RECORDED DATA
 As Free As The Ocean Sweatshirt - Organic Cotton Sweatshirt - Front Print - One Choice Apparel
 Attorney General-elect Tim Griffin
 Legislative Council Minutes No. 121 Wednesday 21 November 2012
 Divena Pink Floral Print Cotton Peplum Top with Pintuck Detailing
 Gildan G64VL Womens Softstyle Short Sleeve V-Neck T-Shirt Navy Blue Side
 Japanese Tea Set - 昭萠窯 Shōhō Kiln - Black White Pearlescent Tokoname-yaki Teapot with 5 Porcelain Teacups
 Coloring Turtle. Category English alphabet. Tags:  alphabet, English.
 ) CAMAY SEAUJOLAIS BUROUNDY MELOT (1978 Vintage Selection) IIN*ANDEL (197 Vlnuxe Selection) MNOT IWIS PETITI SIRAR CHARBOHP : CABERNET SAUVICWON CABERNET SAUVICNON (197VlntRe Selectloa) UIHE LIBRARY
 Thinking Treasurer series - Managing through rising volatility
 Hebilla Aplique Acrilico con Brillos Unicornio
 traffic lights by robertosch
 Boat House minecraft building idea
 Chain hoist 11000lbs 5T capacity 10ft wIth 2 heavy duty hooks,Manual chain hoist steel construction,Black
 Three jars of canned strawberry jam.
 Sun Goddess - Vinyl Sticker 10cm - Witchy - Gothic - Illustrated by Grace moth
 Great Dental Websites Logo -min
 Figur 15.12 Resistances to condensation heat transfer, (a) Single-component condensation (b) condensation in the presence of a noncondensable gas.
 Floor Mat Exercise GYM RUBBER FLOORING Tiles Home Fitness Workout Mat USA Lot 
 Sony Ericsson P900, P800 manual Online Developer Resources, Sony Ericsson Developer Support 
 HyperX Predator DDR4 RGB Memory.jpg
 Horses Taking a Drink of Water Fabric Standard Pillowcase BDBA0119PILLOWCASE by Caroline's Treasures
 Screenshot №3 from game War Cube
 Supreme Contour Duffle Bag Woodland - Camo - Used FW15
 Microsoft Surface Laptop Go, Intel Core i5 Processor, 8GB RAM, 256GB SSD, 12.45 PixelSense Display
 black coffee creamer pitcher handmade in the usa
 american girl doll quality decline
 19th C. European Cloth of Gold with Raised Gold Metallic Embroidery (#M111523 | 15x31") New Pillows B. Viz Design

WORK INSTRUCTIONS
What lines above contain "Cotton"? Copy them out.

RESULT OF THE EXERCISE
 As Free As The Ocean Sweatshirt - Organic Cotton Sweatshirt - Front Print - One Choice Apparel
 Divena Pink Floral Print Cotton Peplum Top with Pintuck Detailing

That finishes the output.